邦画でも「部活モノ」って山ほどあるのだけど、それらの良し悪しに関わらず、到達するのは友情と努力と勝利、までだったりする。いや、まったく正しいことだと思うし、それを期待して観てるのだけど、「なぜ部活をやるのか」その質問に返す言葉って、用意されていない。部活によって得るものも多いだろうけど、機会を失ってるものも多くあるだろうと思う。
「なぜ部活をやるのか」学生本人はやりたいから、で良いと思う。でも、大人がそれを描く以上、「やりたいから」だけで留めて、意義があるのだろうか。

この映画には意義があると思う。いや、意義しかない。

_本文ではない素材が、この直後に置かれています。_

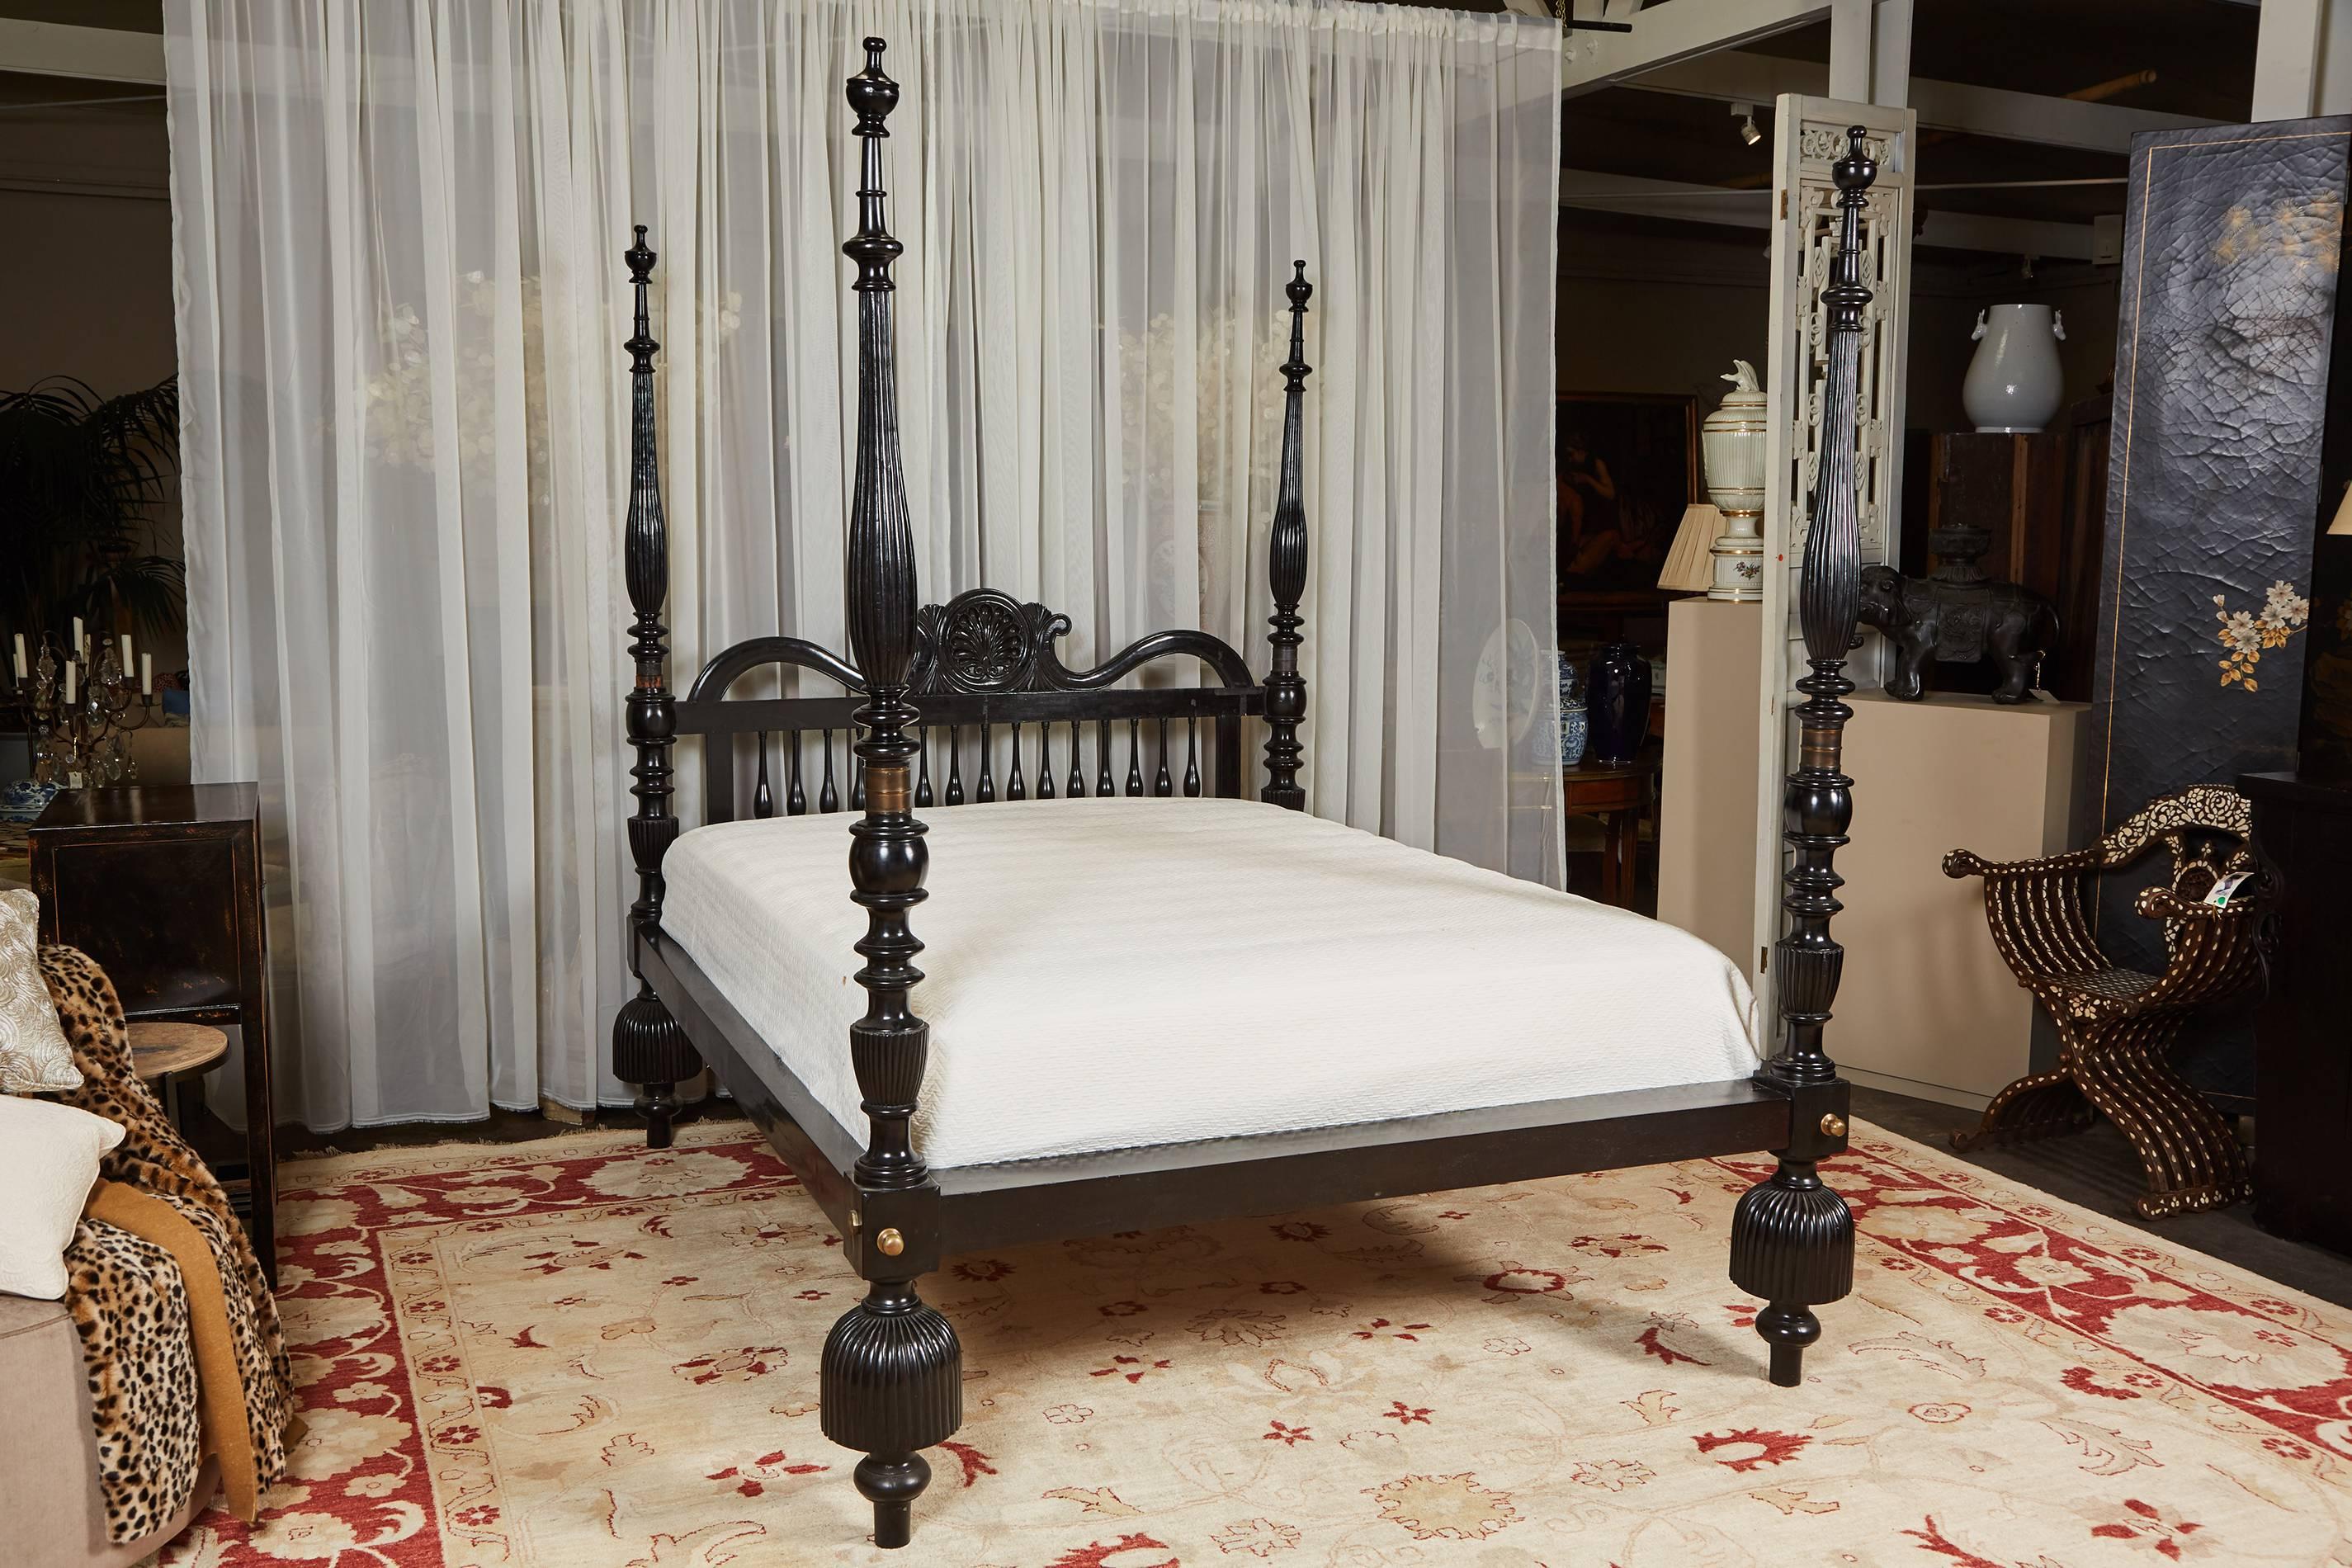 Ein Queen-Size-4-Himmelbett aus Jak-Holz mit ebonisierter Oberfläche. Das Bett verfügt über handgeschnitzte Details, übergroße Füße im Quastenstil und ein Kopfteil mit Muscheldekoration in der Mitte. Zusammengebaut mit gegossenen Messingbeschlägen.

「なぜ部活をやるのか」、ものすごく現実的で、ものすごく有効な理由で、部活をやるのだ。「彼らにはバスケしかないんです!」と叫ぶ校長に、「それが問題なんだ」と返すカーター。大人の仕事はそれだと思った。一緒に熱狂して、あの没入を応援して、それじゃだめで、いやそれでもいいのかもだけど、同じ目線じゃだめだ、一緒に熱狂しながら誰より俯瞰で覚めていて、導く。打算的に、堅実に。

彼ら学生は熱狂と熱中でいい。指導する立場の人間や、描く立場の人間は、どこでなにを見ているべきか。その明確な答えがこの映画にはあって、もう意義しかない。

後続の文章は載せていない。